NEW YORK - The United States expressed its support of Christine Lagarde early Tuesday in a written statement by Treasury Secretary Timothy Geithner.
The US holds about 17 percent of the voting rights in the International Monetary Fund, by far the largest for one country. Japan ranks second, China third. Europe, as a whole, has 32 percent of the voting block
Lagarde's only contender for the post of managing director, Mexico's Agustin Carstens, had secured endorsements only from Canada, Australia and most Latin American countries except for Brazil and Argentina. Carstens is governor of Mexico's central bank and is a former deputy managing director of IMF.
Earlier support for a candidate from the developing countries had come from Sebastian Mallaby, director of the Maurice R. Greenberg Center for Geoeconomic Studies and the Paul A. Volcker Senior Fellow for International Economics at the Council on Foreign Relations.

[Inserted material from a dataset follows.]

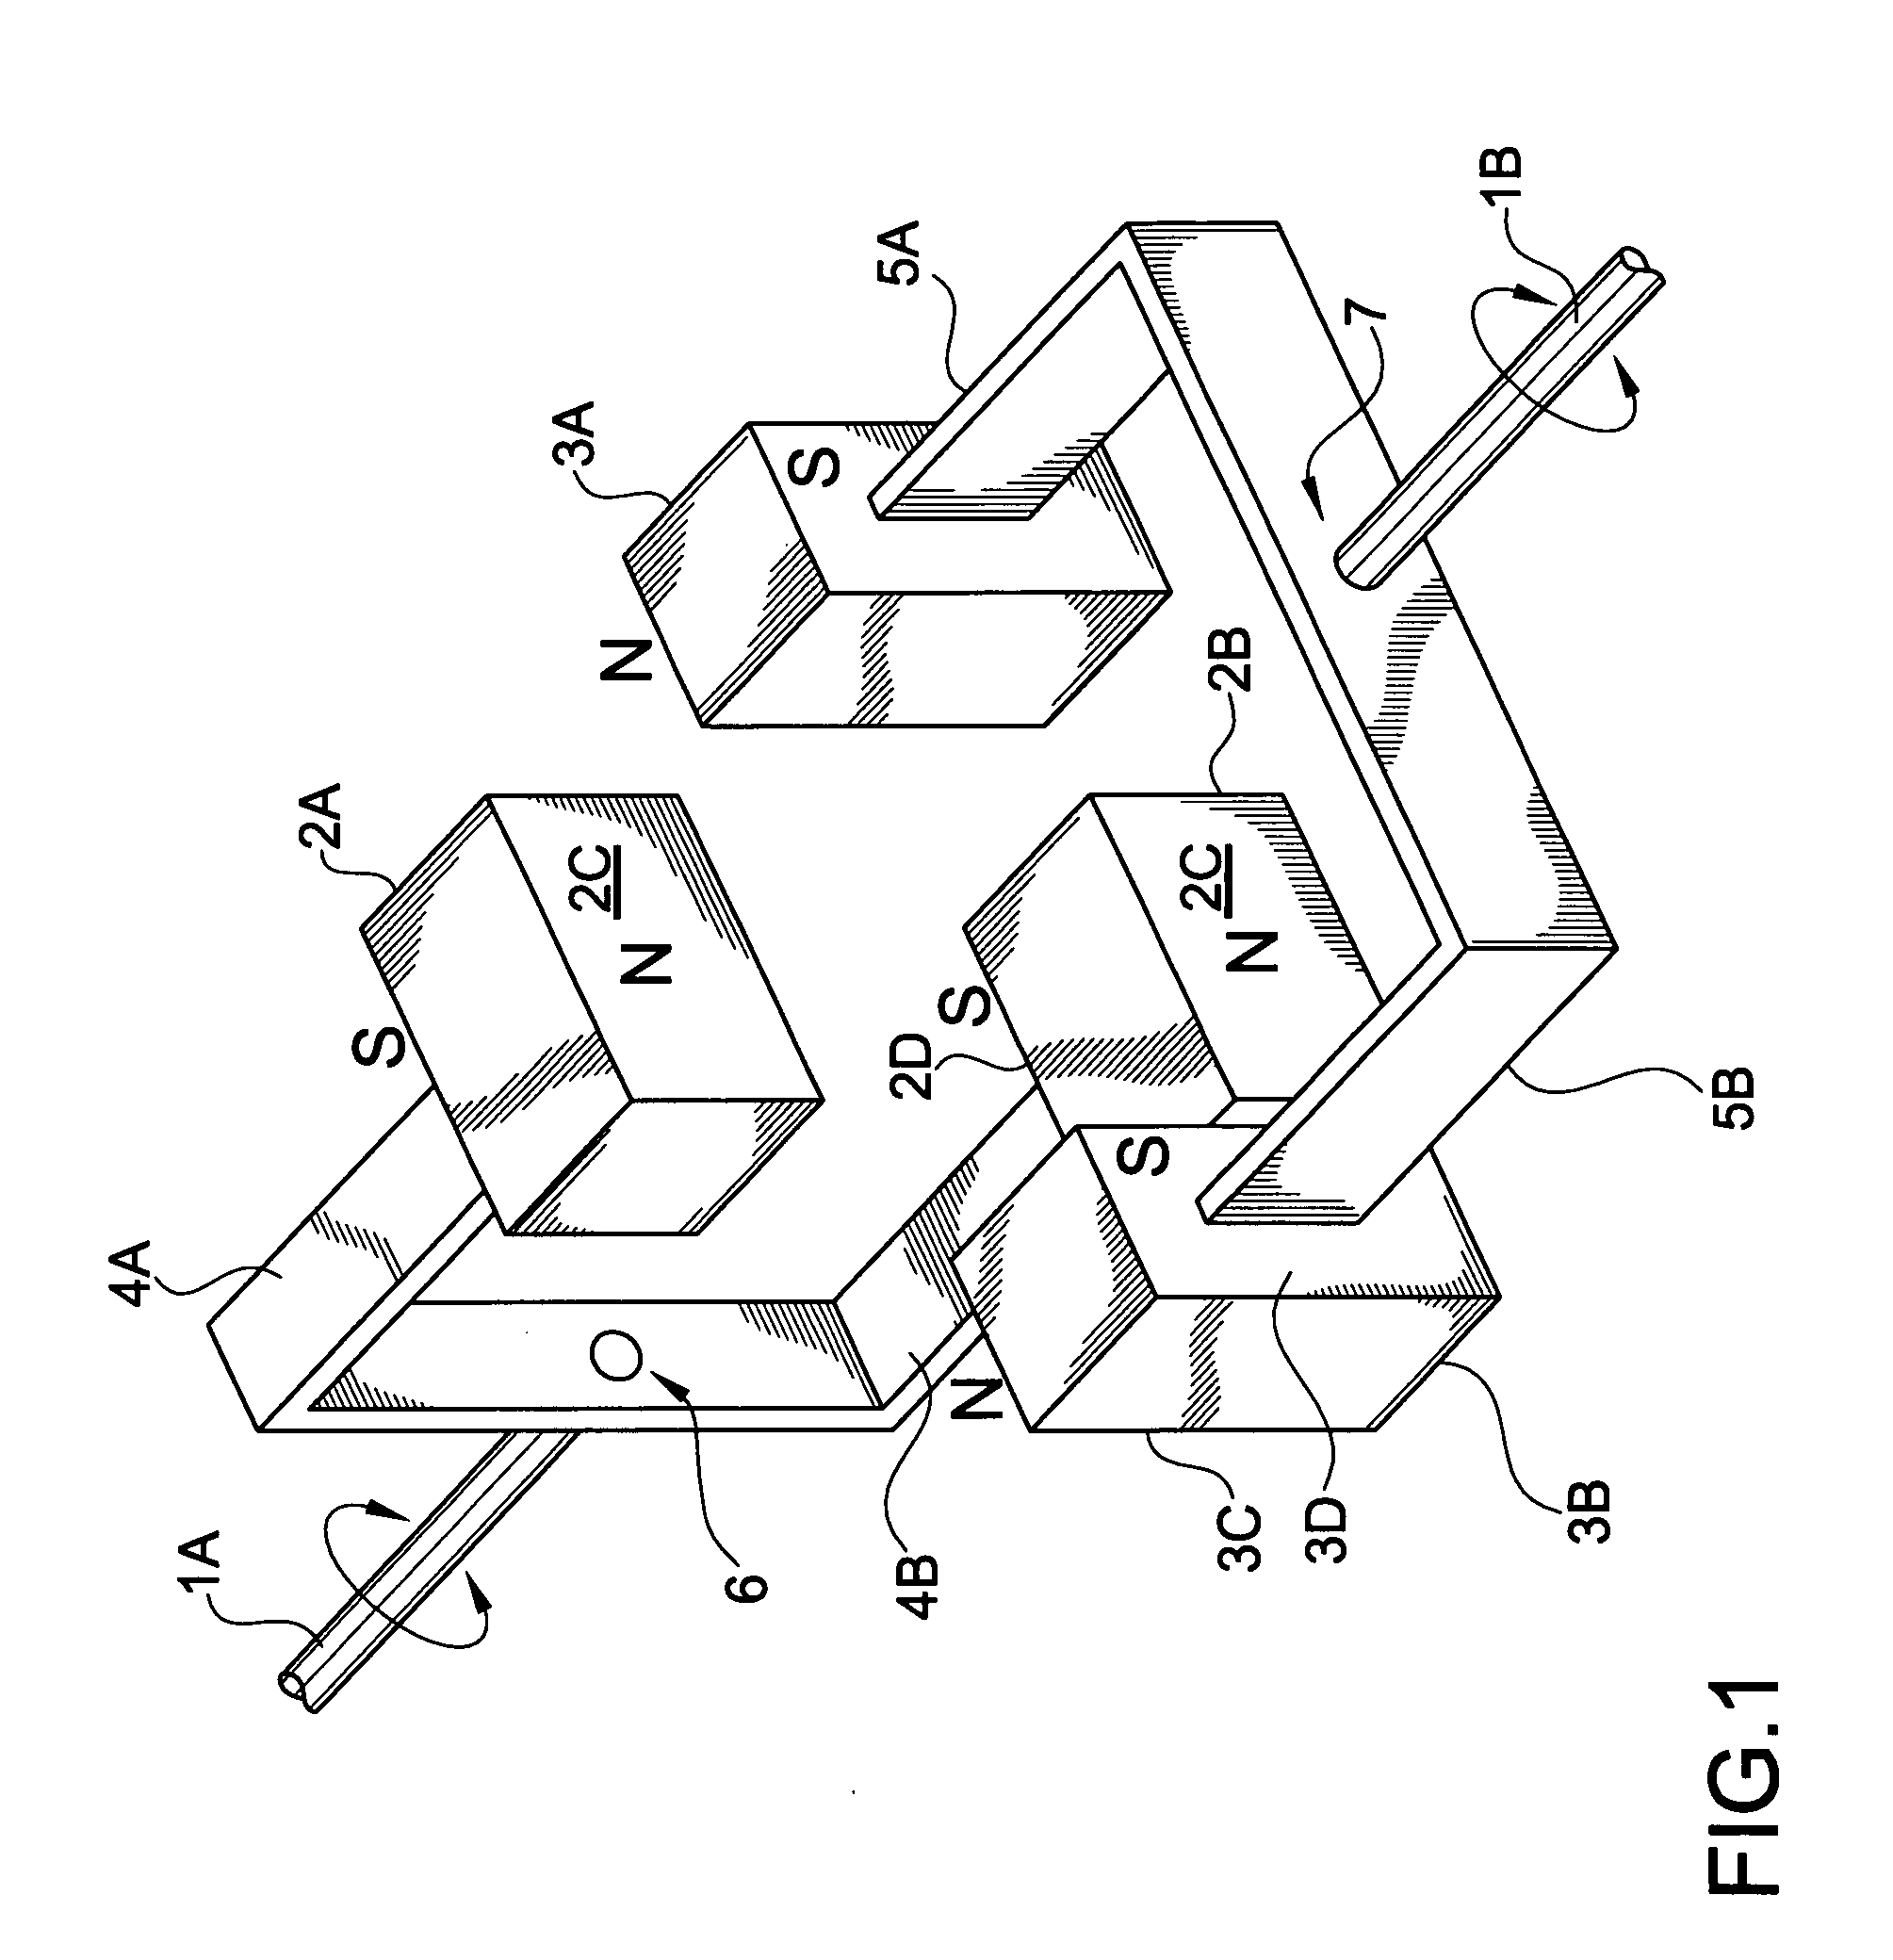 Torque transfer system and method of using the same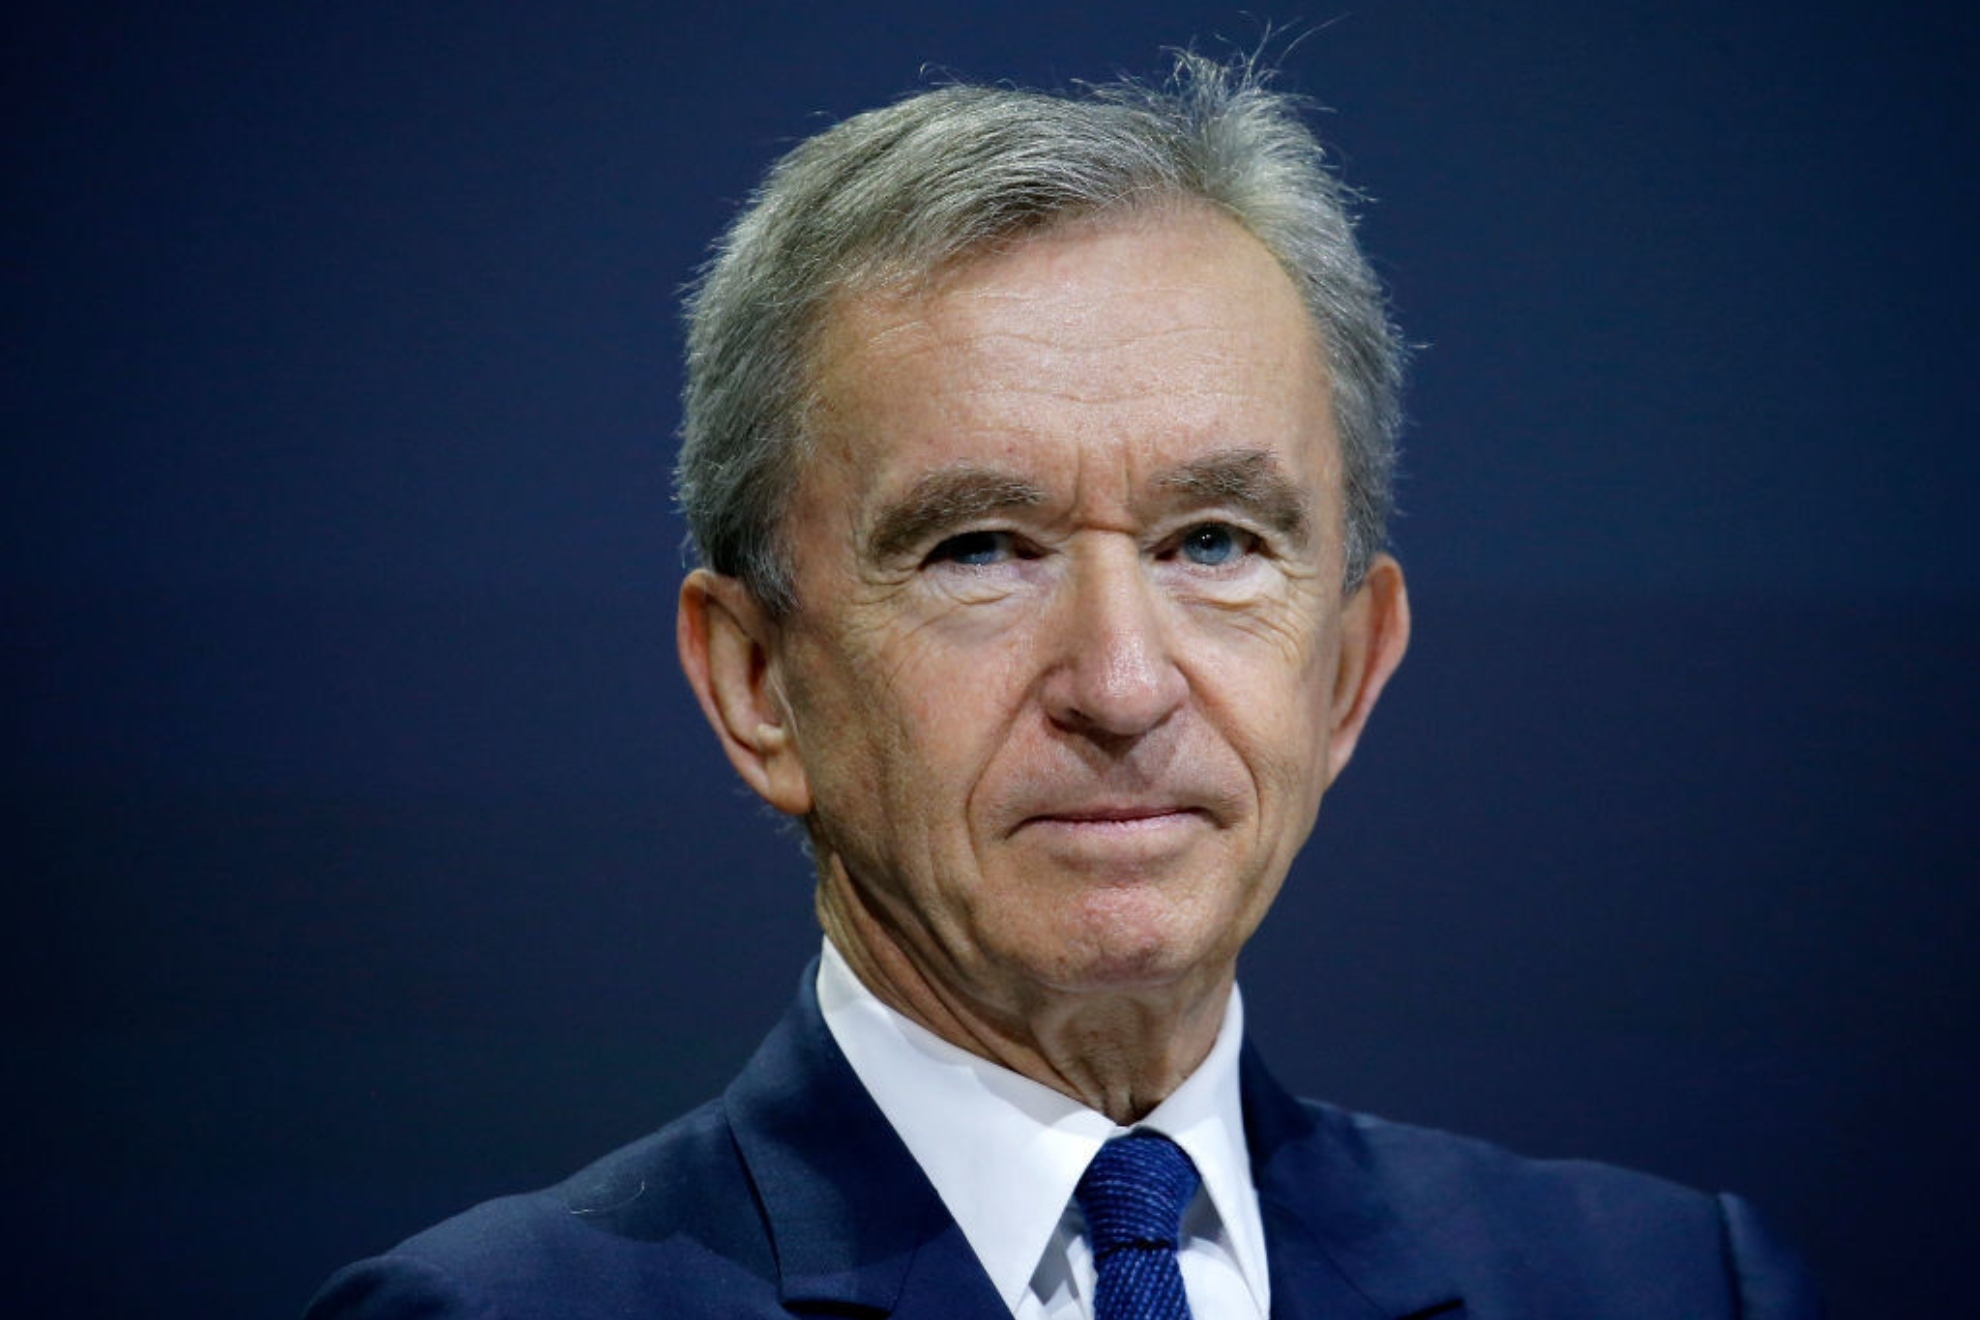 Richest person in the world, Bernard Arnault, loses 11 billion dollars in one day

"I believe it would have been better for the IMF to select a managing director from outside Europe," he told China Daily. "That said, I think Christine Lagarde will do her best to earn the support of emerging economies by listening to their concerns and increasing their voice within the fund."
Edwin Truman, senior fellow at Peterson Institute for International Economics, said he is sure Lagarde will try to address the concerns of emerging market economies.
Steven Dunaway, adjunct senior fellow for international economics at the Council on Foreign Relations and former deputy director of the IMF'S Asia and Pacific Department, said Lagarde faces three major challenges as IMF chief.
"She has to show that the IMF will not simply be a convenient source of funding to help Europe finance the efforts to deal with its debt crisis and that she will cut off IMF lending if European countries fail to consistently meet the conditions in their loan programs."
Lagarde also needs to give emerging market countries more votes and board representation to reflect their growing importance, Dunaway said. She also "has to demonstrate that she can effectively manage the work of the IMF, especially given her limited formal training in economics."
Mallaby said Lagarde's priority is clearly the euro crisis. Dani Rodrik, professor of international political economy at Harvard Kennedy School, agreed, but said, "Beyond that, we need a new framework for global financial flows and regulation, and she needs to do a lot of hard thinking on that. We certainly cannot keep going with a major financial crisis every decade or so."
Eswar Prasad, a professor at Cornell University and former head of IMF's China Division and Research Department, said Lagarde needs to be thorough and quick in shifting voting shares and board representation toward emerging markets. They were agreed upon under her predecessor's term, he said.
"Lagarde takes over an institution that has become central to the global financial system. The way she manages the political, technical and strategic aspects of the job will help determine the fund's legitimacy and effectiveness," Prasad said.
Allan Meltzer, professor of political economy at Carnegie Mellon University's Tepper School of Business, said, "The IMF should avoid further entanglement in ECB (European Central Bank) problems ... Putting in more money from China, Japan, the US and others is a waste because more debt will not prevent ultimate default by Greece."
While some experts have argued for a reduced function for IMF, Truman believes it has proved its worth time and again over the past 40 years.
"There is no alternative to the IMF at the present. We just need to make it work better," Rodrik said.